# Spring Ridge/Basking Ridge



## Edgecrusher (Jan 12, 2006)

Any recreational/'B' or 'C' level riders living in the Spring Ridge, 
Society Hill condo developments or living close by in Basking Ridge/area?

I'm not a part of any of the bike clubs, but it would be nice to ride with 
someone once in awhile.  

Geo


----------



## goldsbar (Apr 24, 2002)

mafw.org for the club scene (Morris Area Free Wheelers)

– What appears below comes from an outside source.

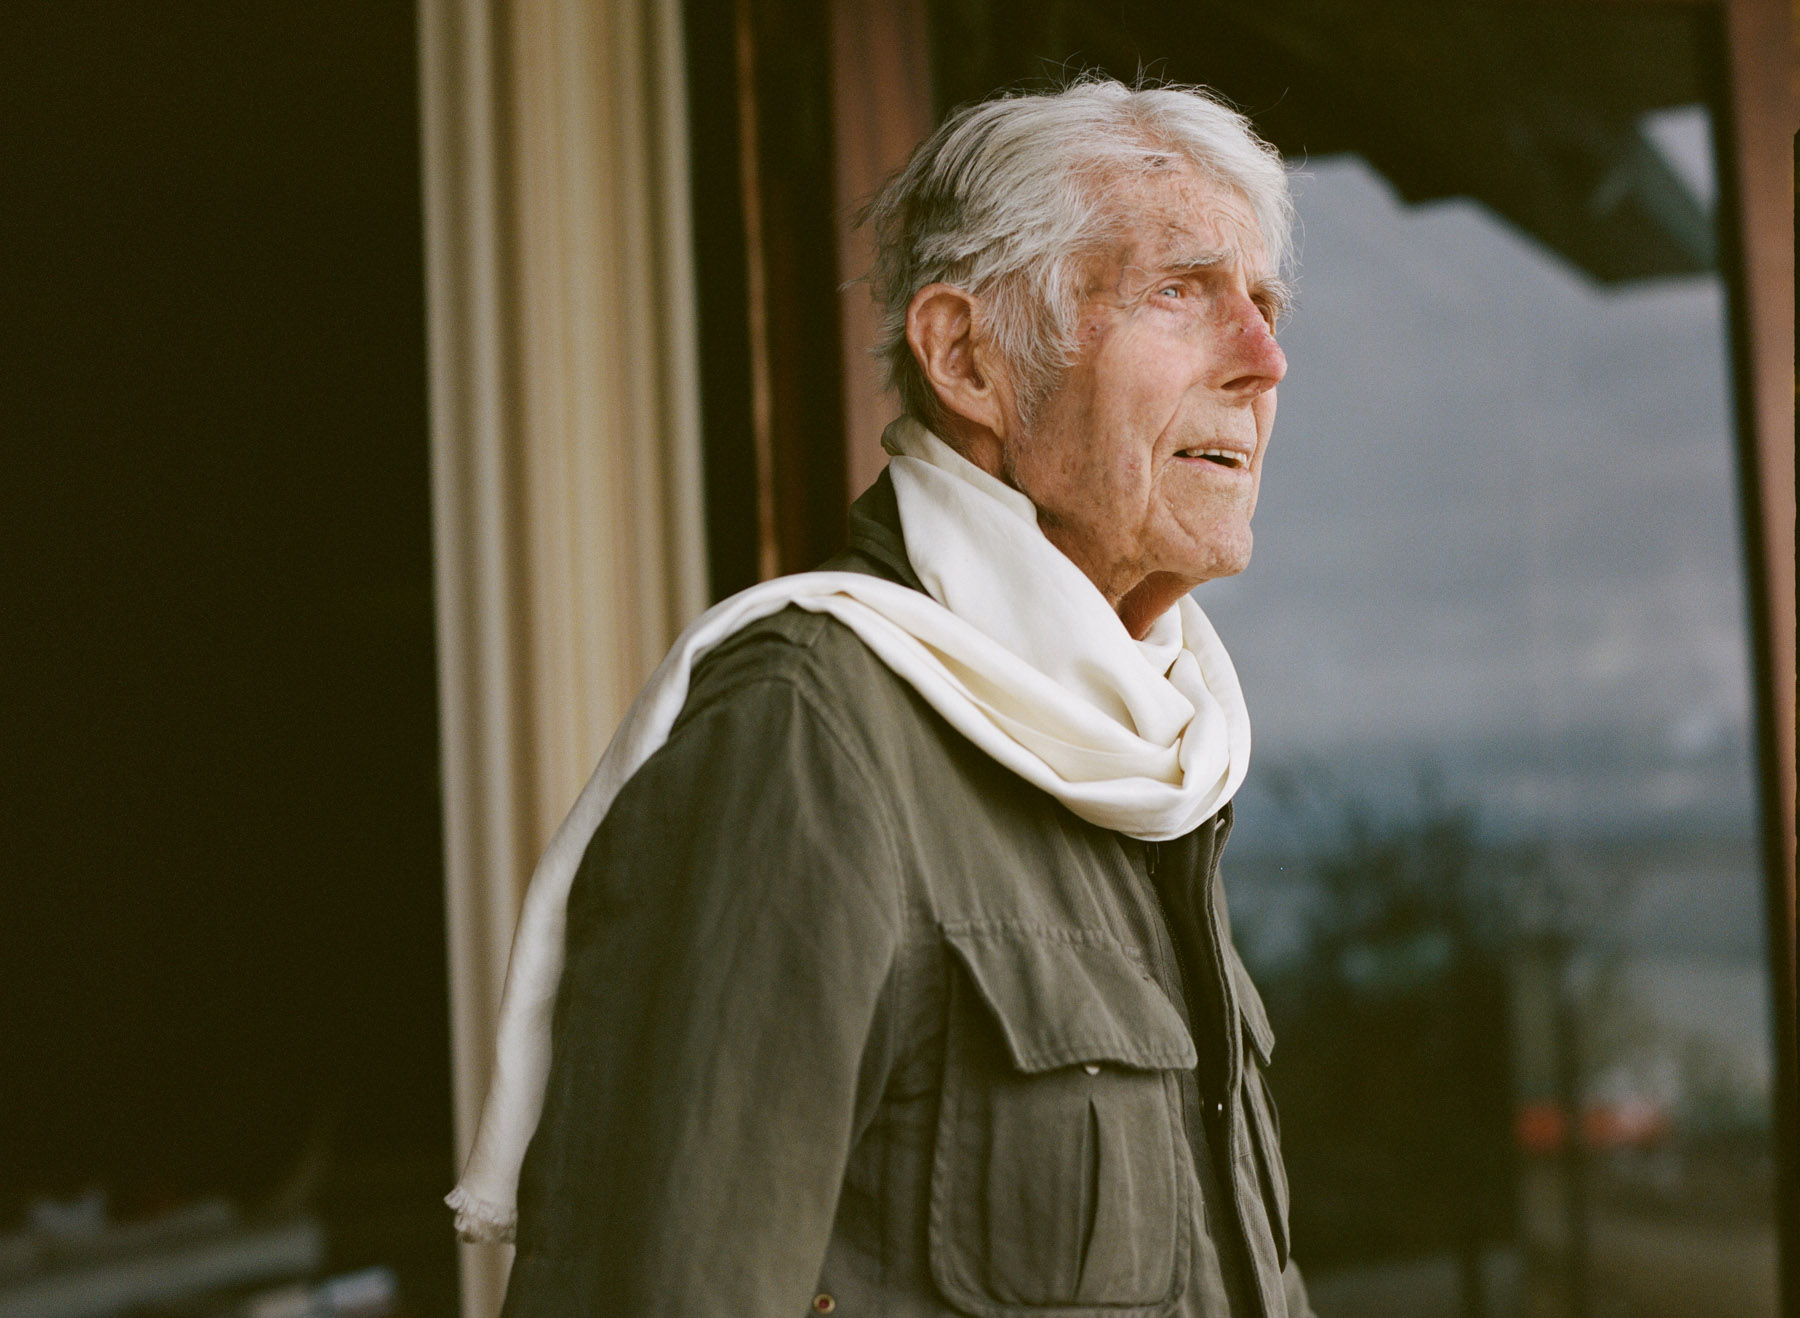 Harry Gesner, Justin Chung, Architecture, Malibu, California, Kodak

or Liberty Cycle has a race team that does weekly rides.


----------



## Edgecrusher (Jan 12, 2006)

goldsbar said:


> mafw.org for the club scene (Morris Area Free Wheelers)
> 
> or Liberty Cycle has a race team that does weekly rides.



Hey Goldsbar,
I appreciate the info...thank you.
I already belong to Lehigh Wheelmen in PA. $10 p/year.
I just moved from up there, but still work in South Whitehall.

I'm not looking to pay some ritzy NJ club 30 to 50 bucks so I can ride along with them 
lol!  

MAFW is $20, so that's not too bad I will check them out. That seems reasonable.

I was just hoping that there was few guys/girls who lived around here
that ride.


----------



## goldsbar (Apr 24, 2002)

Yeah, some of those club fees are a bit crazy. When I lived further North in NJ, we just got together for some shop rides. Everyone had on a diferent jersey (or just a regular shirt) and they were just as fast as the everyone has the same jersey $50 race club.


----------



## Edgecrusher (Jan 12, 2006)

Yeah, some of those club fees are a bit crazy. When I lived further North in NJ, we just got together for some shop rides. Everyone had on a diferent jersey (or just a regular shirt) and they were just as fast as the everyone has the same jersey $50 race club.


 

I hear ya!


----------